Neal laughed. Genuinely. Out loud, which almost never happened. “If you’re trying to turn me on, I have to tell you, sweets, it’s not working.” “I’m actually wearing my mother’s lingerie,” Georgie said. “It’s a long story. I didn’t have anything else to wear.”

She could hear him smiling, even before he started talking. “Well, Christ, Georgie—take it off.”

Neal.

Neal, Neal, Neal.

“I’ll call you tomorrow.”

“No,” she said, “just stay.”

“I’m falling asleep.” He breathed a laugh. It sounded muffled. She could picture his face in the pillow, the phone resting on his ear—she was imagining a cell phone. Wrong.

“That’s okay,” she said.

“I might be asleep already,” he murmured.

“I don’t mind. It’s nice. I’ll fall asleep, too. Just set the phone close, so I can hear you wake up.”
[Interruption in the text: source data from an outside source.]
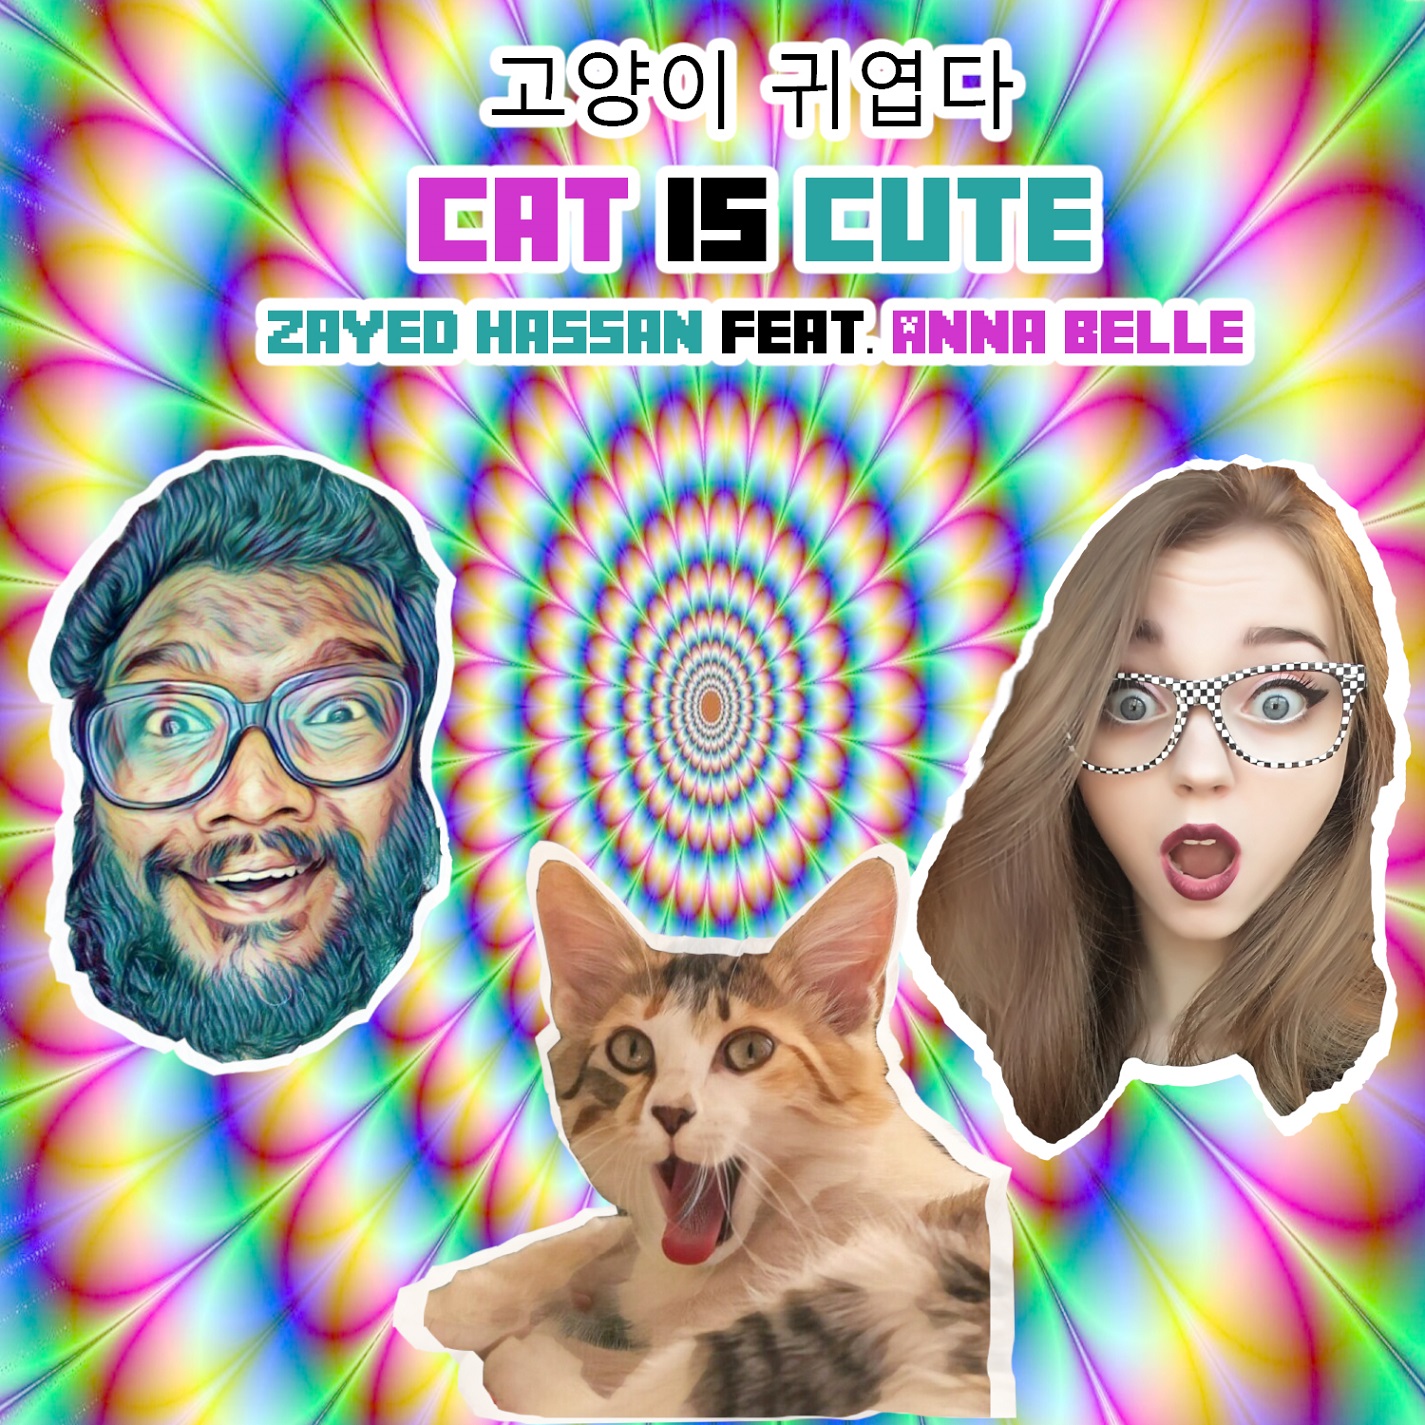  Zayed Hassan – “Cat Is Cute” Feat. Anna Belle
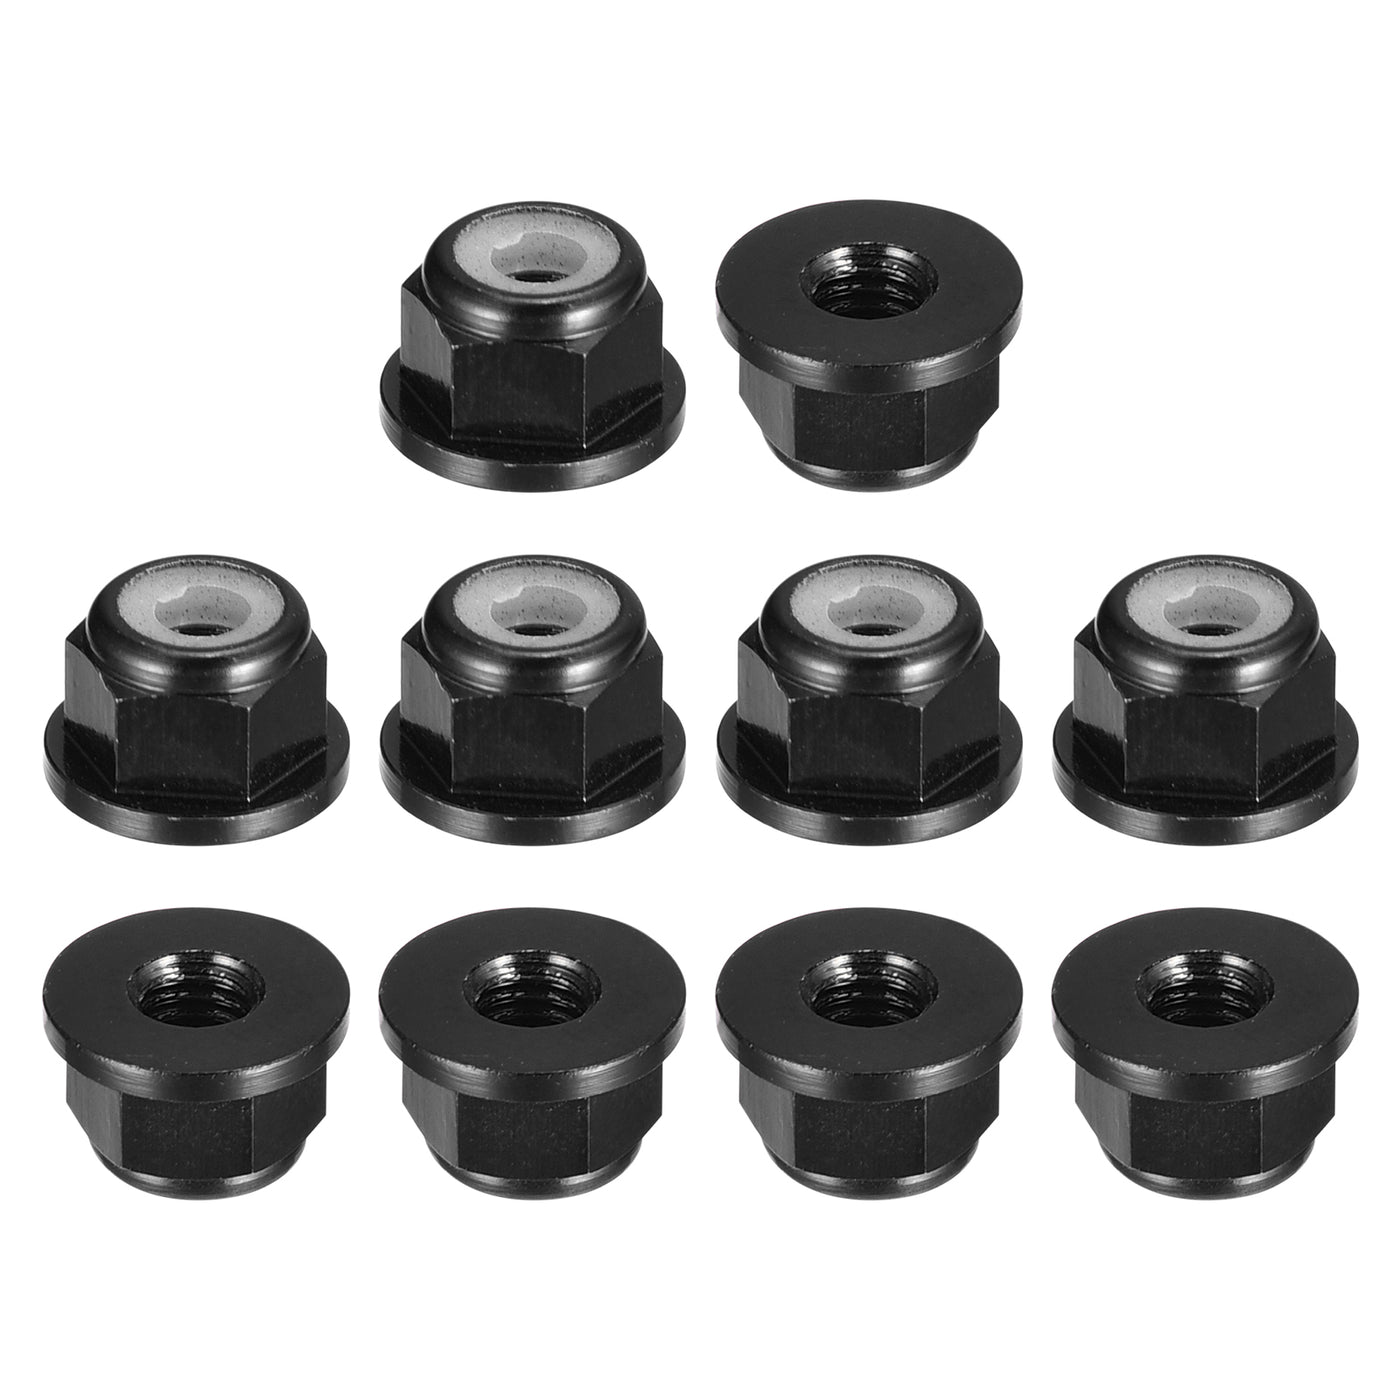 uxcell Uxcell Nylon Insert Hex Lock Nuts, 10pcs - M2 x 0.4mm Aluminum Alloy Self-Locking Nut, Anodizing Flange Lock Nut for Fasteners (Black)
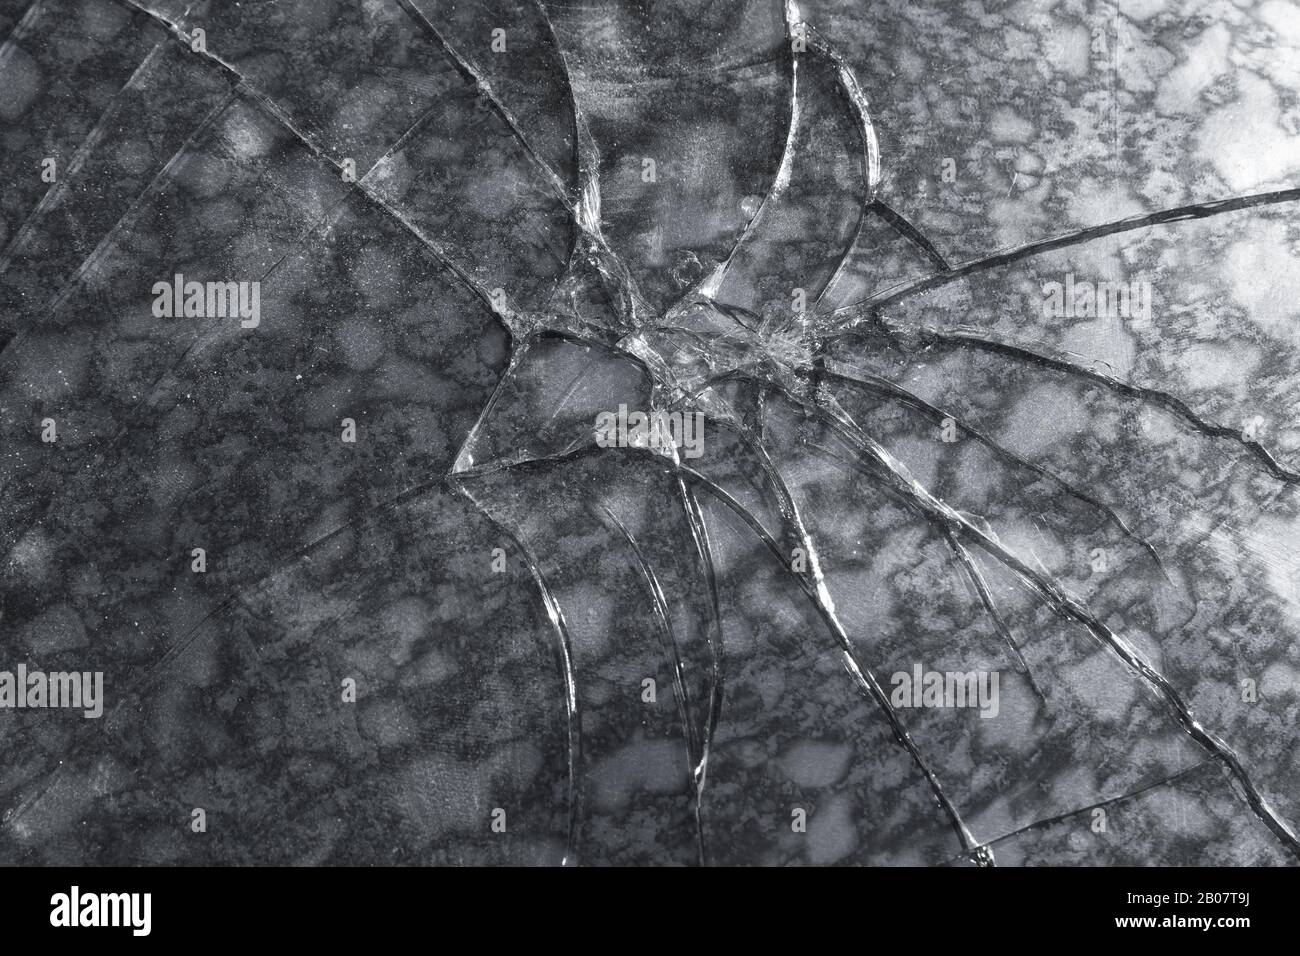 Abstract texture of a broken glass sheet over dark stone background Stock Photo
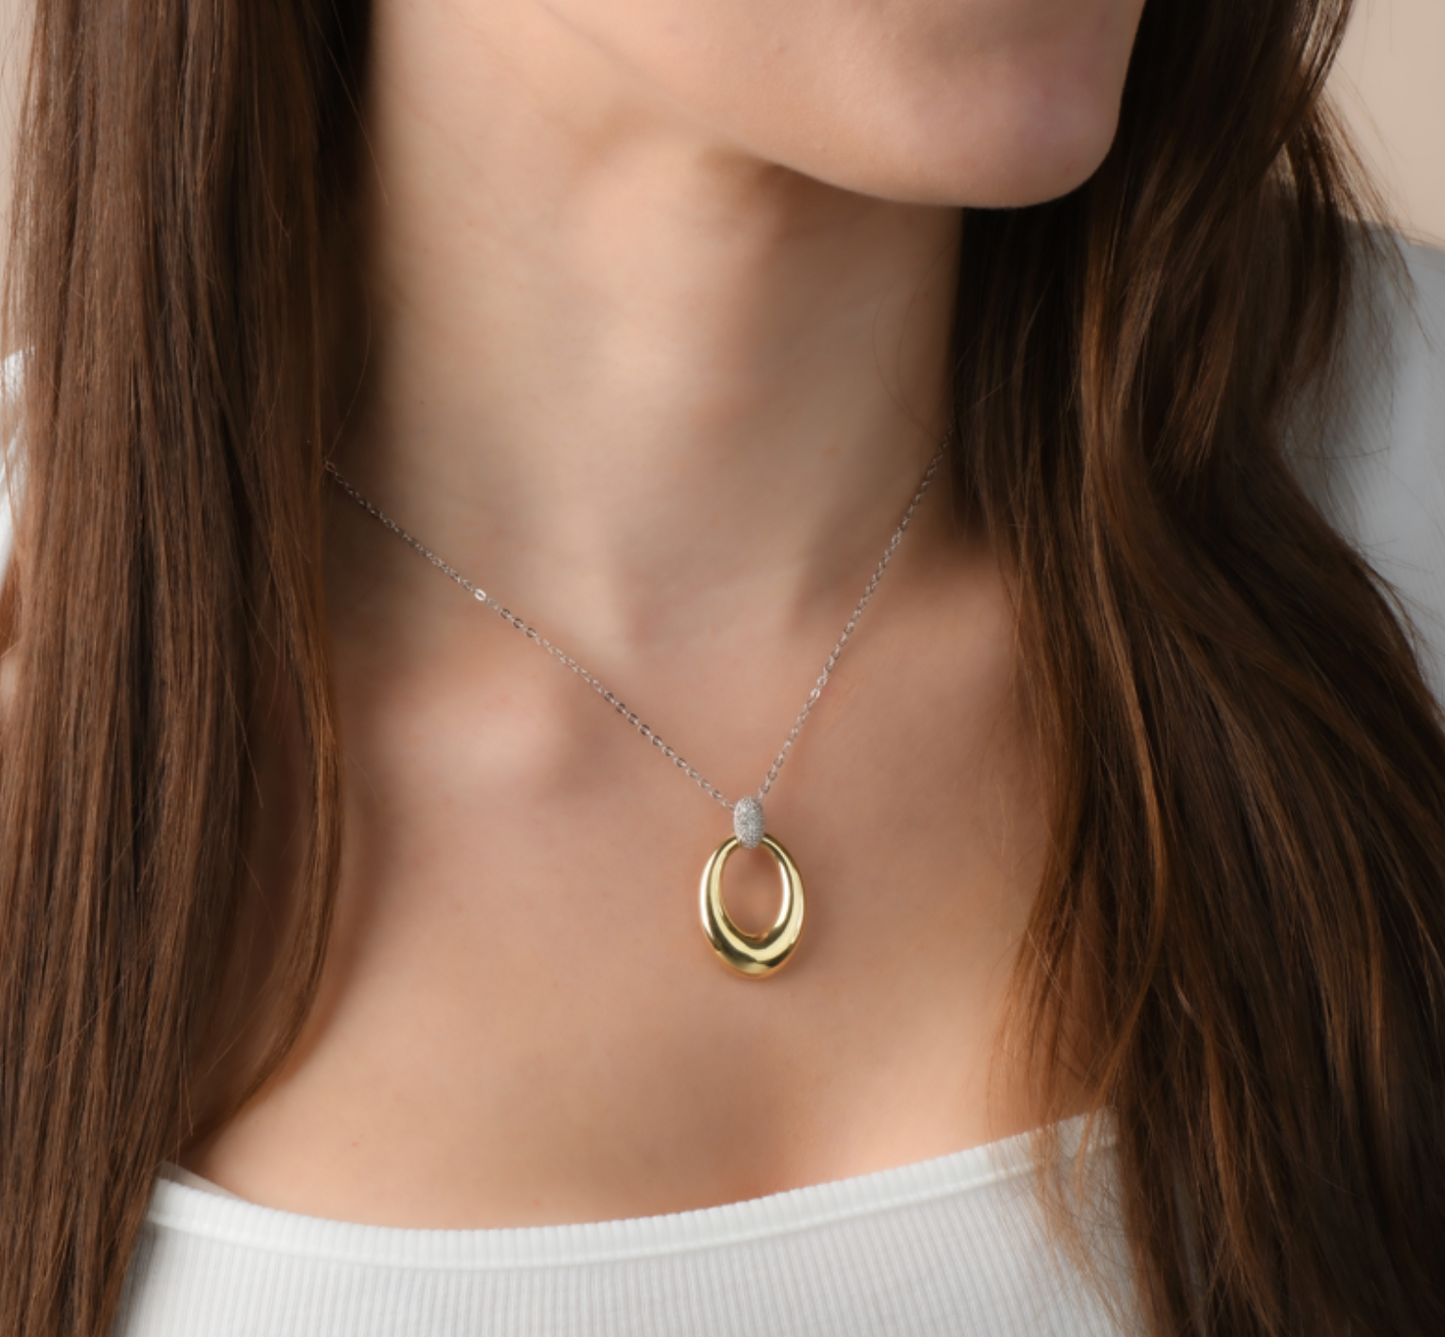 Knocker Pendant Necklace | Knocker Pendant with White Sapphires and Yellow Gold

“And then I’ll explain to my dad that I was on a long distance call for ten hours because sleeping on the phone seemed romantic at the time.”

God. Long distance. Georgie had forgotten about long distance—did that still exist? “It would be romantic, though,” she said. “Like waking up in each other’s heads.”

“I’ll call you when I wake up.”

“Don’t call me,” she said. “I’ll call you.”

He snorted a little.

“I didn’t mean it like that,” she said. “But seriously: Don’t call me, I’ll call you.”

“Okay, you call me, sunshine. Call me as soon as you wake up.”

“I love you,” Georgie said. “I love you like this.”